Romantic orientation, also called affectional orientation, indicates the sex or gender with which a person is most likely to have a romantic relationship or fall in love. It is used both alternatively and side by side with the term sexual orientation, and is based on the perspective that sexual attraction is but a single component of a larger dynamic. For example, although a pansexual person may feel sexually attracted to people regardless of gender, the person may experience romantic attraction and intimacy with women only.

For asexual people, romantic orientation is often considered a more useful measure of attraction than sexual orientation.

The relationship between sexual attraction and romantic attraction is still under debate and is not fully understood.

Romantic identities

People may or may not engage in purely emotional romantic relationships. The main identities relating to this are:

Aromantic: No romantic attraction towards anyone (aromanticism, see section below).
Heteroromantic (or heteromantic): Romantic attraction towards person(s) of the opposite gender (heteroromanticism).
Homoromantic: Romantic attraction towards person(s) of the same gender (homoromanticism).
Biromantic: Romantic attraction towards person(s) of two or more genders (biromanticism). Sometimes used the same way as panromantic.
Panromantic: Romantic attraction towards person(s) of any, every, and all genders (panromanticism).
Demiromantic: Romantic attraction towards any of the above but only after forming a deep emotional bond with the person(s) (demiromanticism).
Greyromantic: Experiencing romantic attraction rarely or only under certain circumstances (greyromanticism).

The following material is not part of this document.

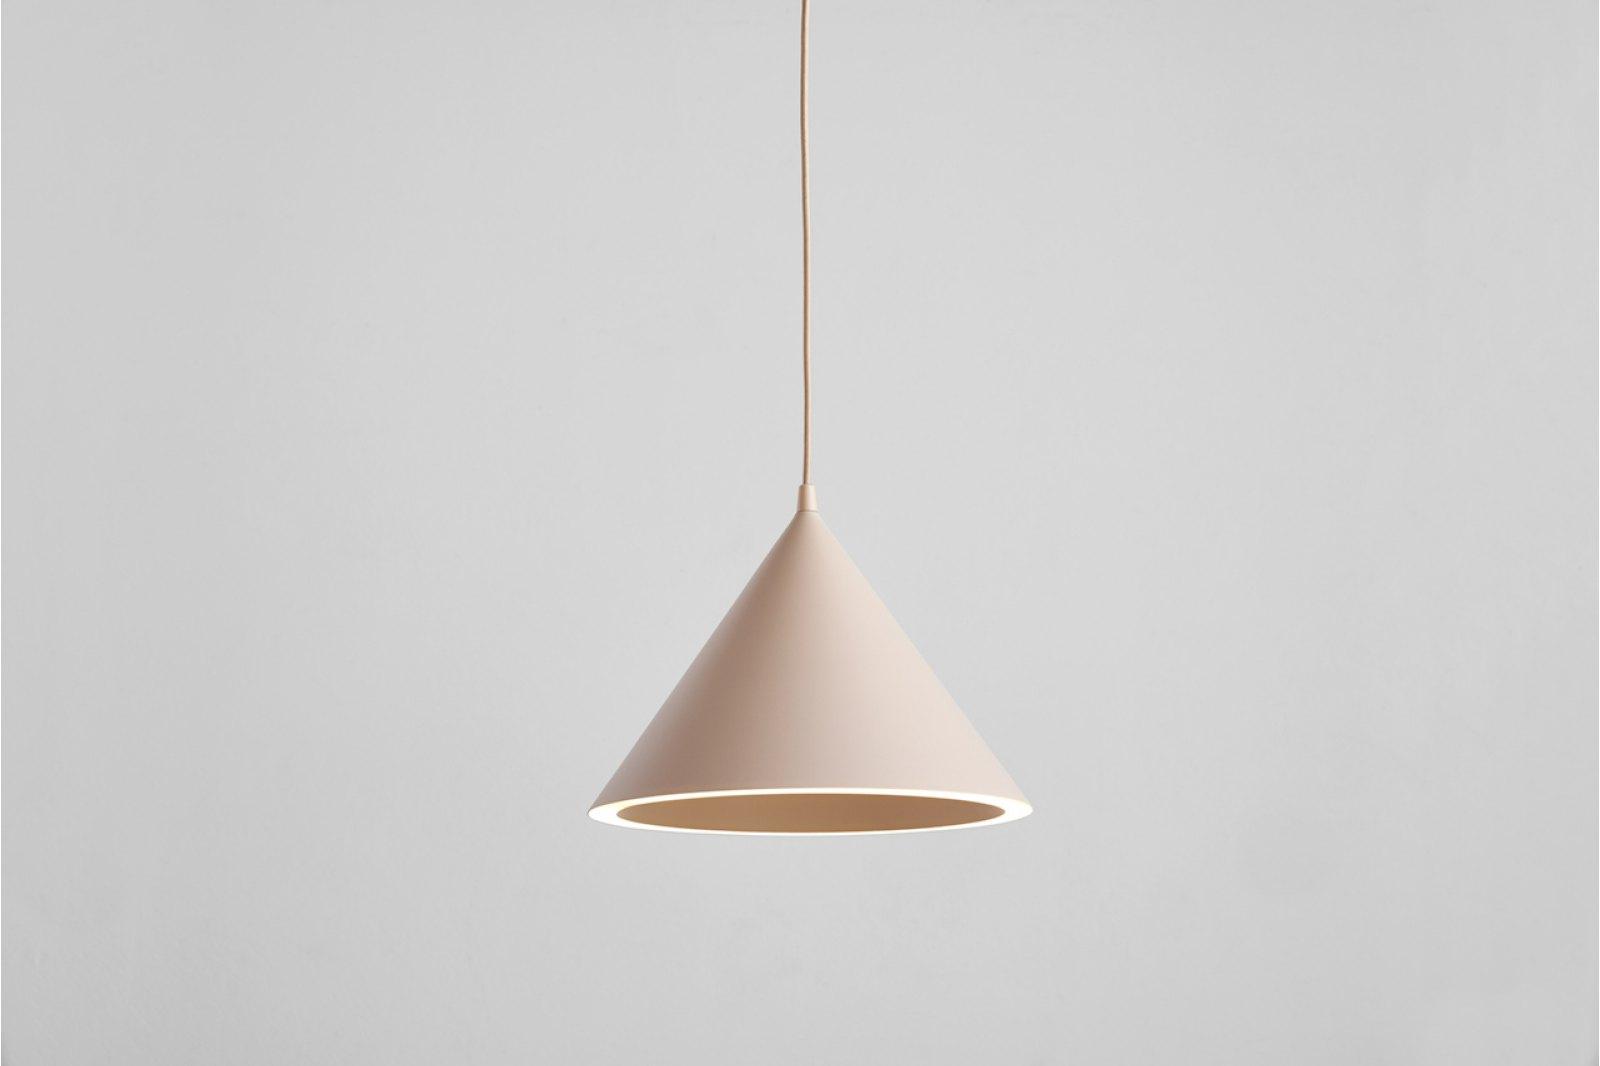 Annular LED Pendant, D32 cm / 1

Relationship with sexual orientation and asexuality

The implications of the distinction between romantic and sexual orientations have not been fully recognized, nor have they been studied extensively.[8] It is common for sources to describe sexual orientation as including components of both sexual and romantic (or romantic equivalent) attractions.[5][8] Publications investigating the relationship between sexual orientation and romantic orientation are limited. Challenges in collecting information result from survey participants having difficulty identifying or distinguishing between sexual and romantic attractions.[5][9][10] Asexual individuals experience little to no sexual attraction (see gray asexuality); however, they may still experience romantic attraction.[11][12] Lisa M. Diamond states that a person’s romantic orientation can differ from whom the person is sexually attracted to.[4] While there is limited research on the discordance between sexual attraction and romantic attraction in individuals, also known as cross orientation, the possibility of fluidity and diversity in attractions have been progressively recognized.